- WHAT YOU NEED TO DO -
Could you retype the whole listing word for word and drop the images?

- GIVEN INFORMATION -
......
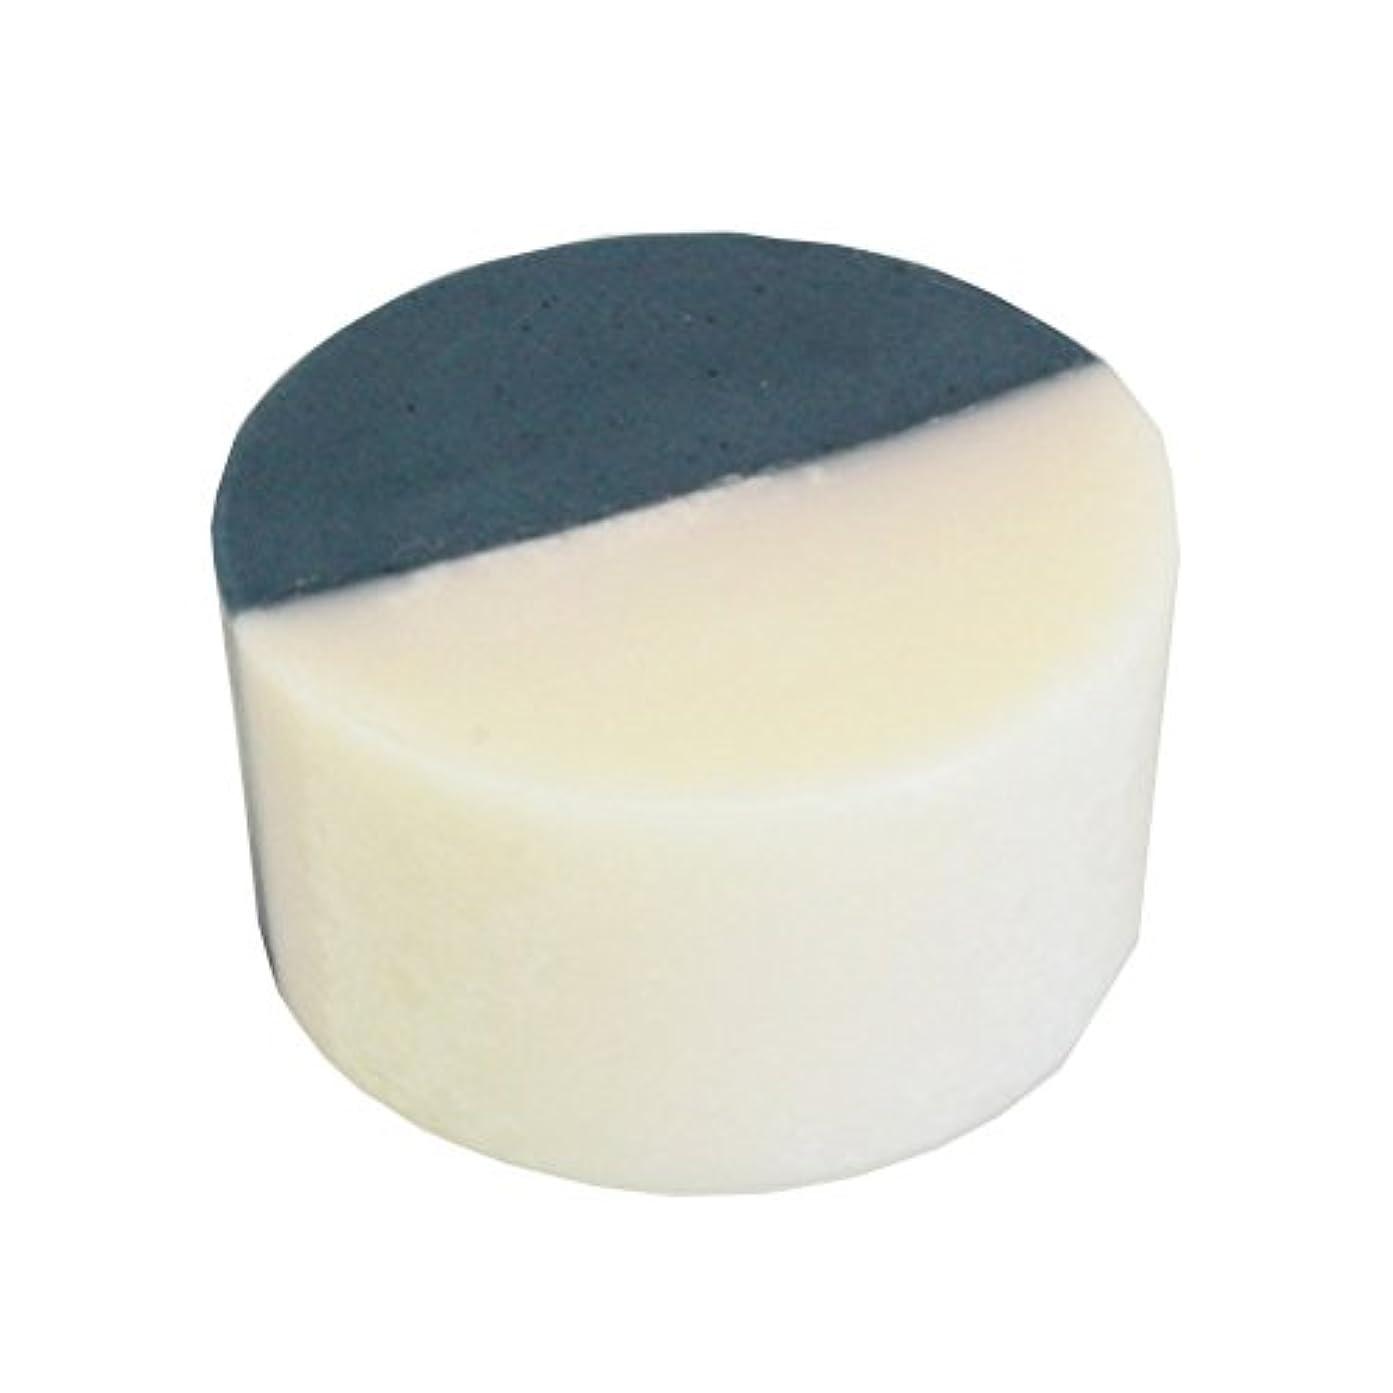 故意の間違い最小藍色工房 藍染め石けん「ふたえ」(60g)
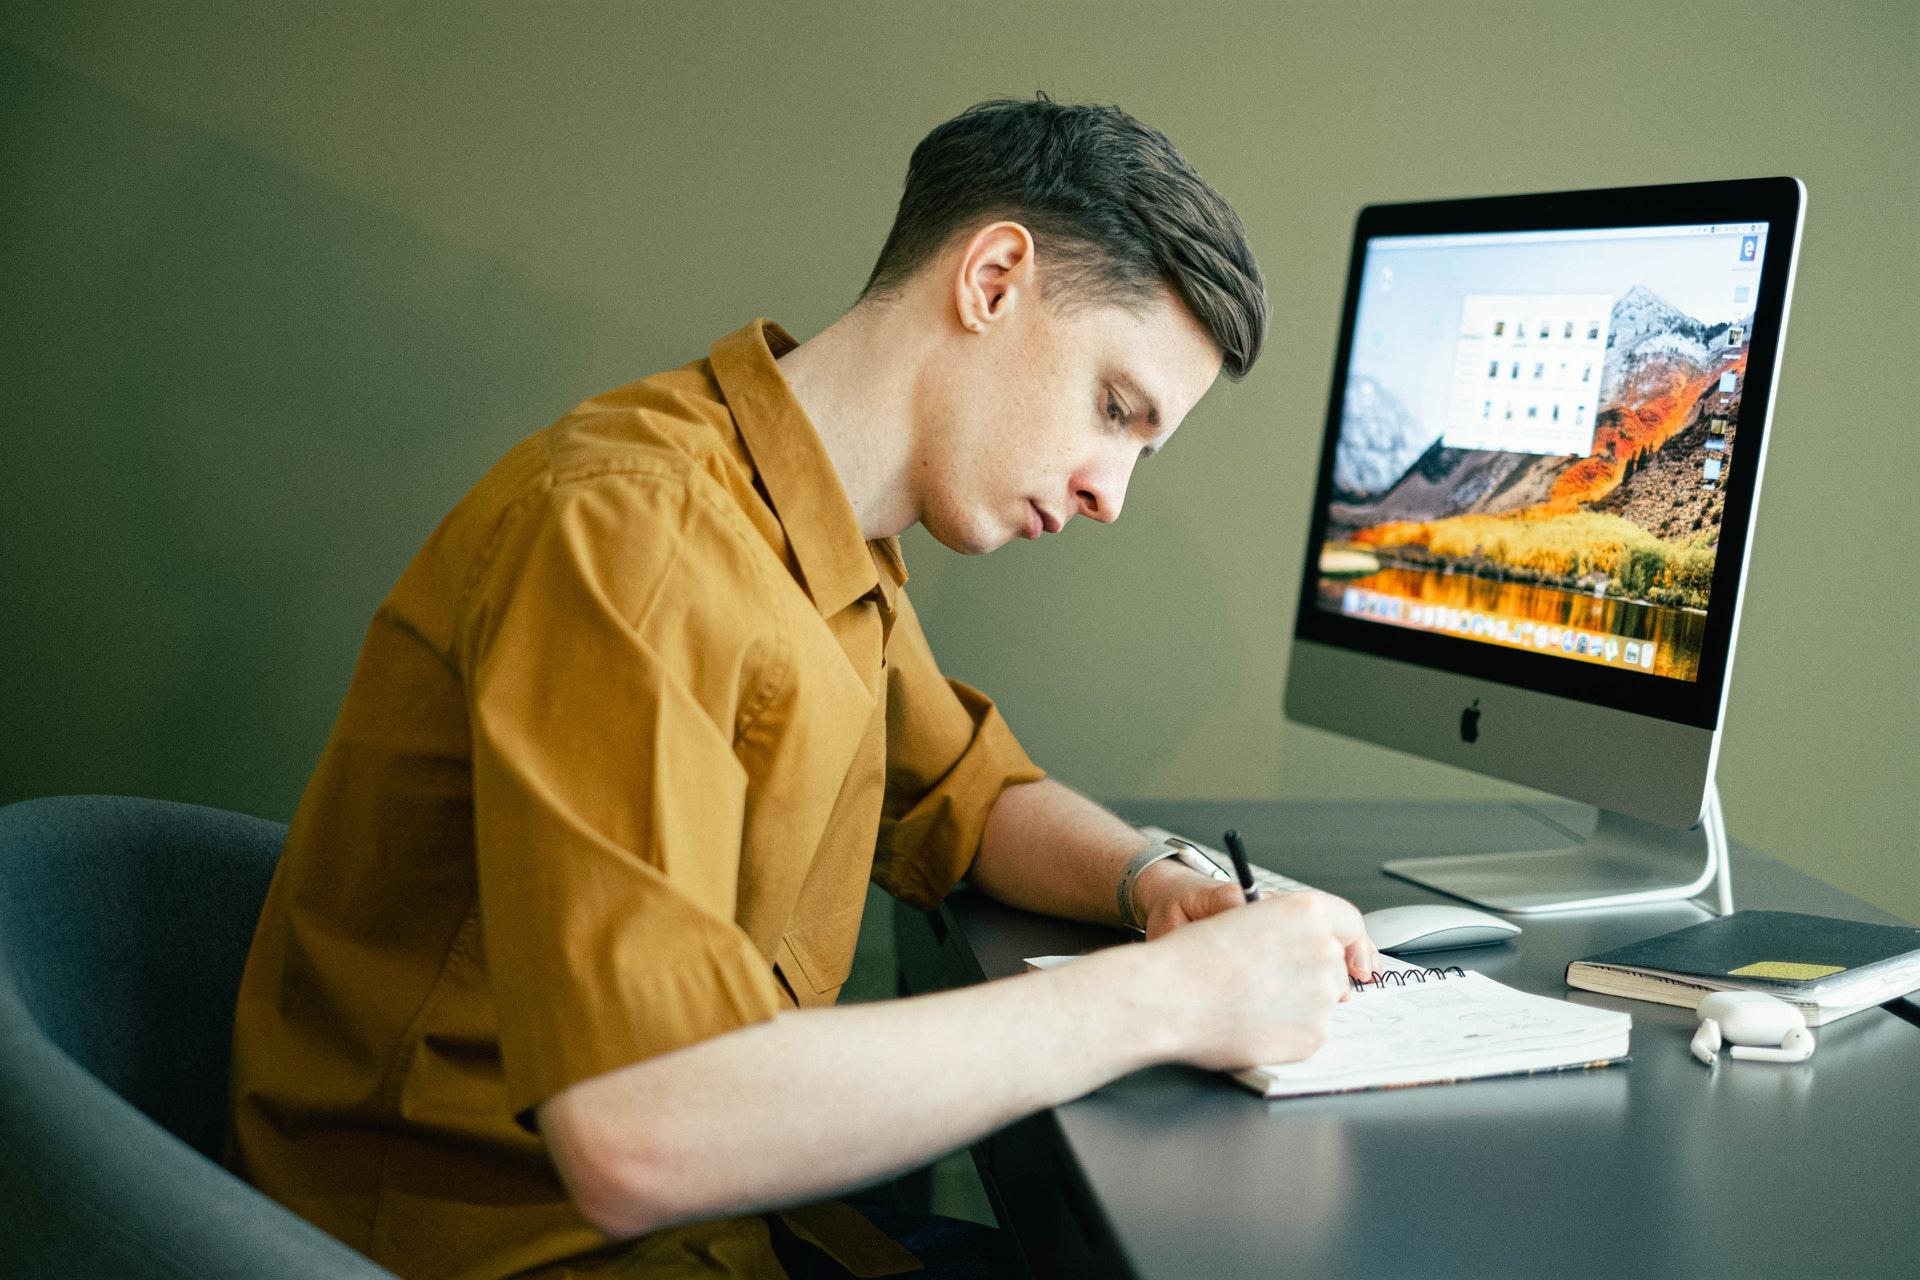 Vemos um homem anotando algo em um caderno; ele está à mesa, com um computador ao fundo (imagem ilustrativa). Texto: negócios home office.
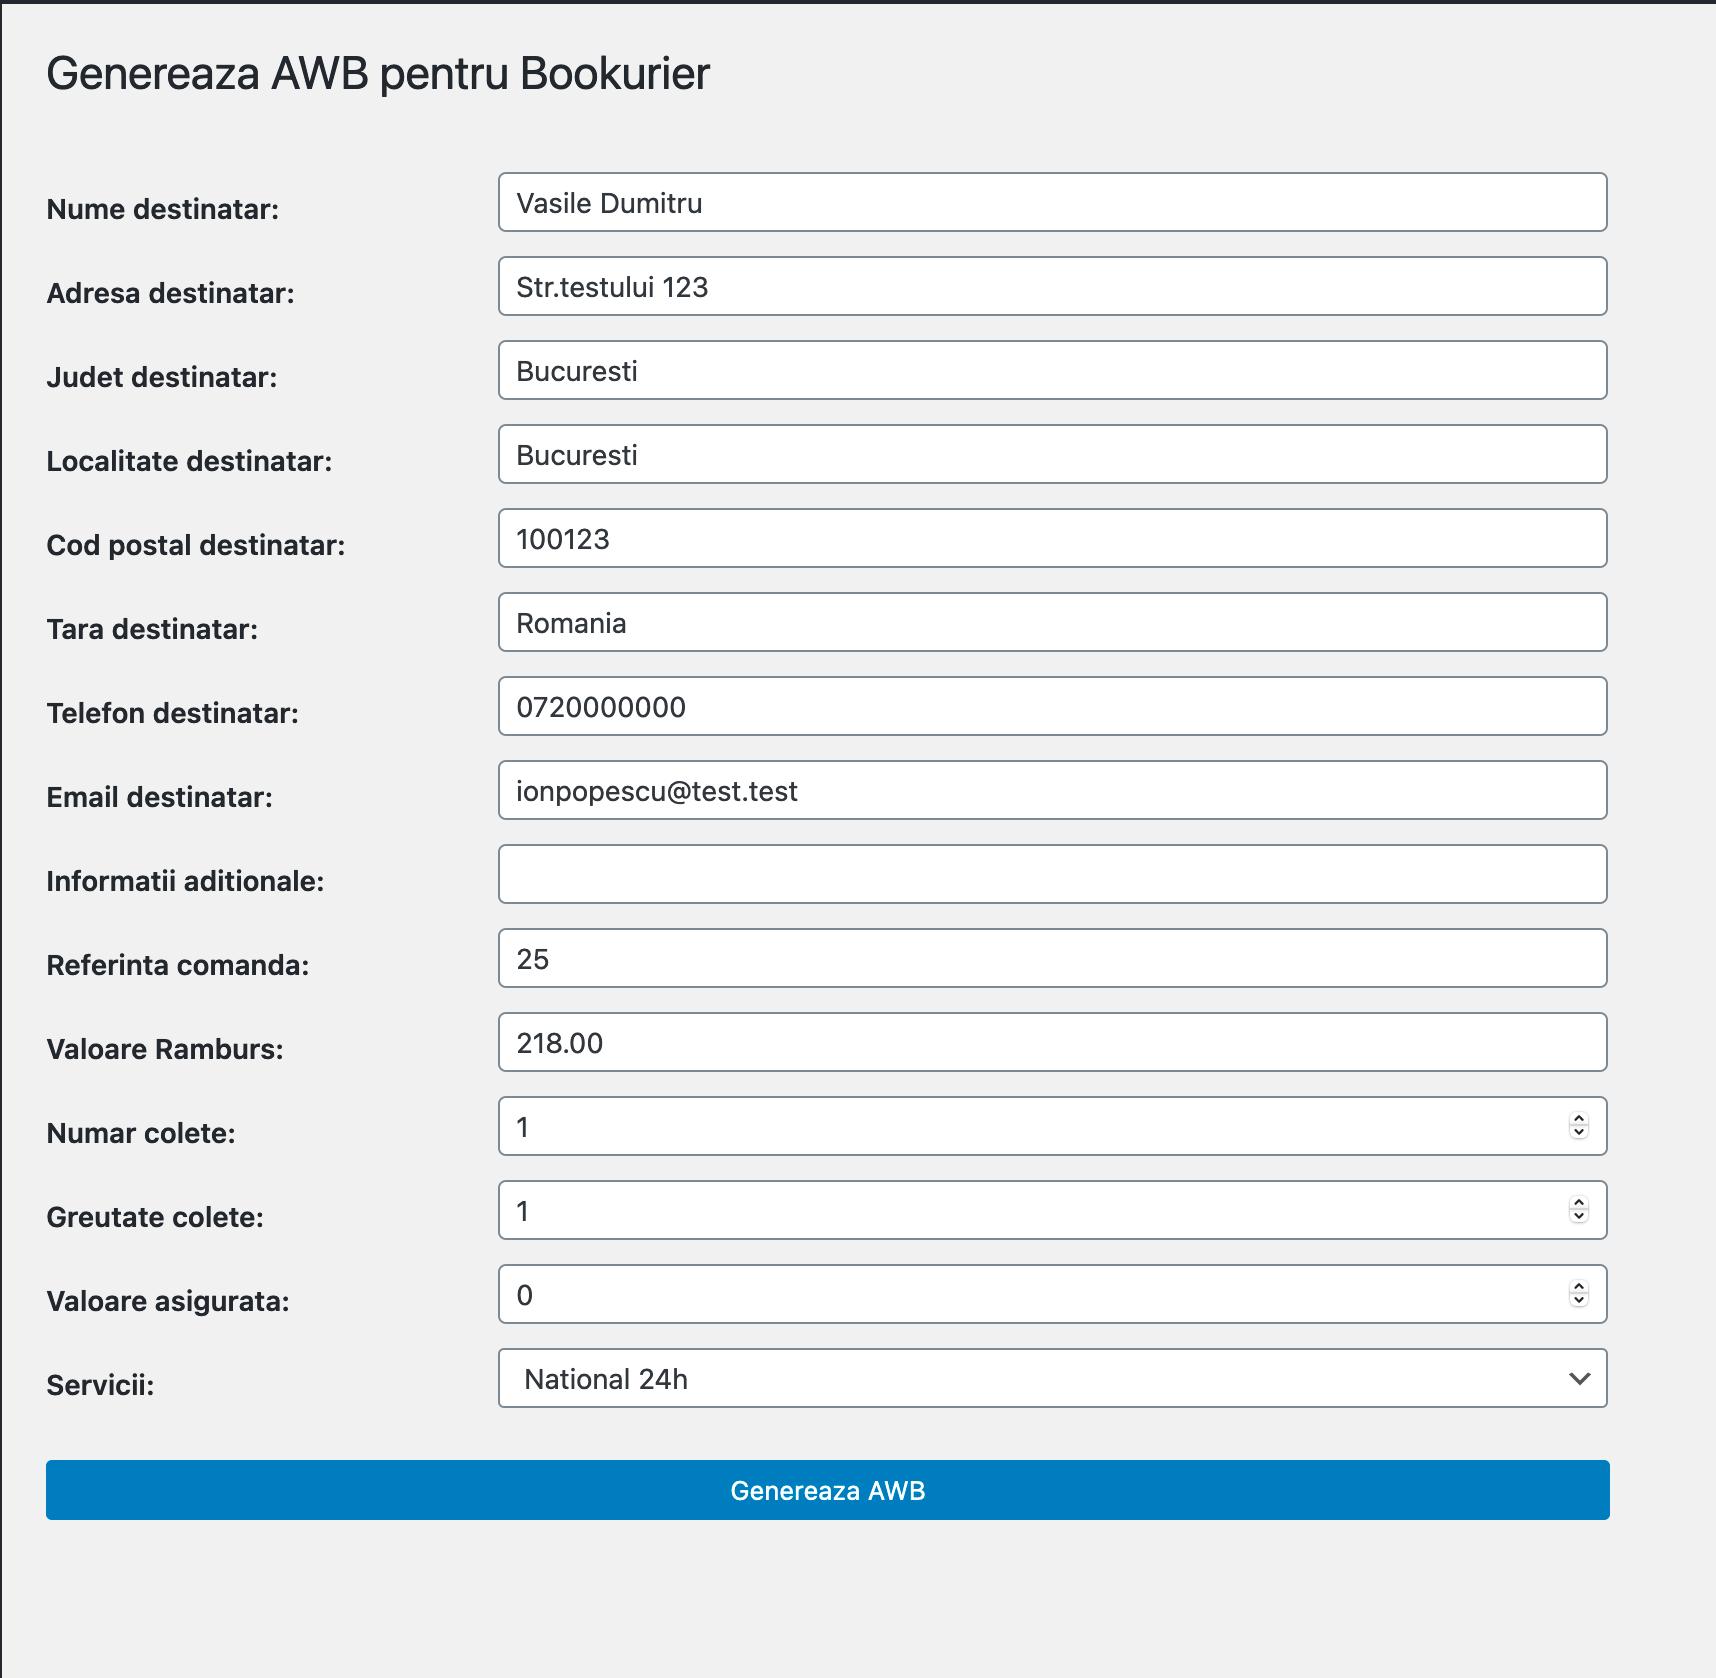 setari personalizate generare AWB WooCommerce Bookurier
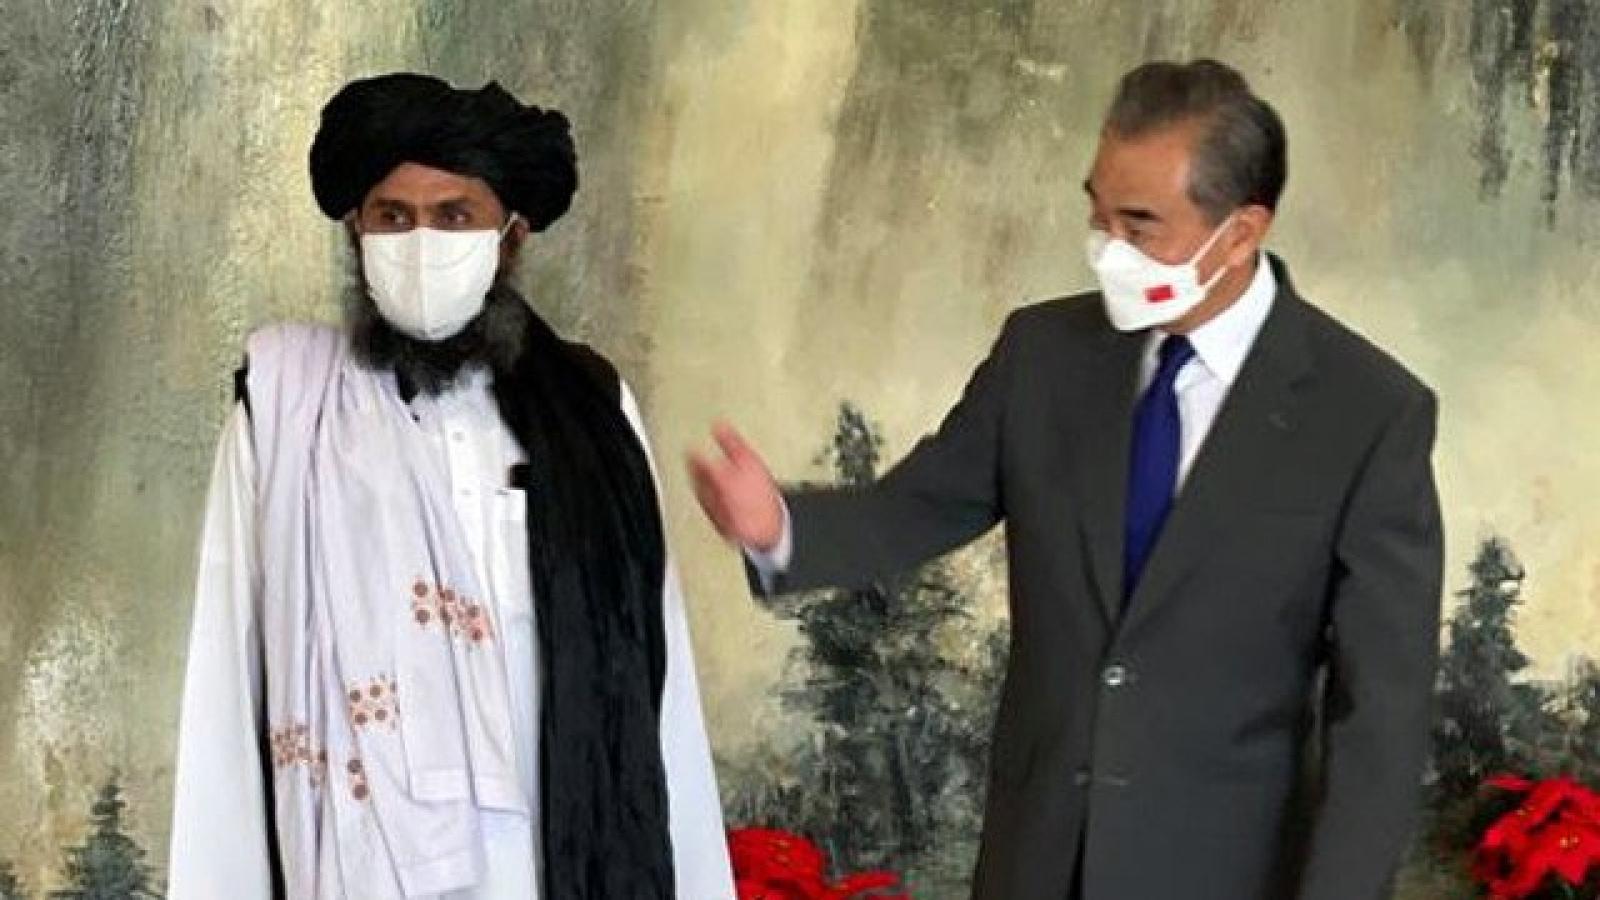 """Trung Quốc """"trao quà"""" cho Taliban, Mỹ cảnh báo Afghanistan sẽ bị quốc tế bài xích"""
......
- SOLUTION TO THE PROBLEM -
 故意の間違い最小藍色工房 藍染め石けん「ふたえ」(60g)
 Vemos um homem anotando algo em um caderno; ele está à mesa, com um computador ao fundo (imagem ilustrativa). Texto: negócios home office.
 setari personalizate generare AWB WooCommerce Bookurier
 """Trung Quốc """"trao quà"""" cho Taliban, Mỹ cảnh báo Afghanistan sẽ bị quốc tế bài xích"""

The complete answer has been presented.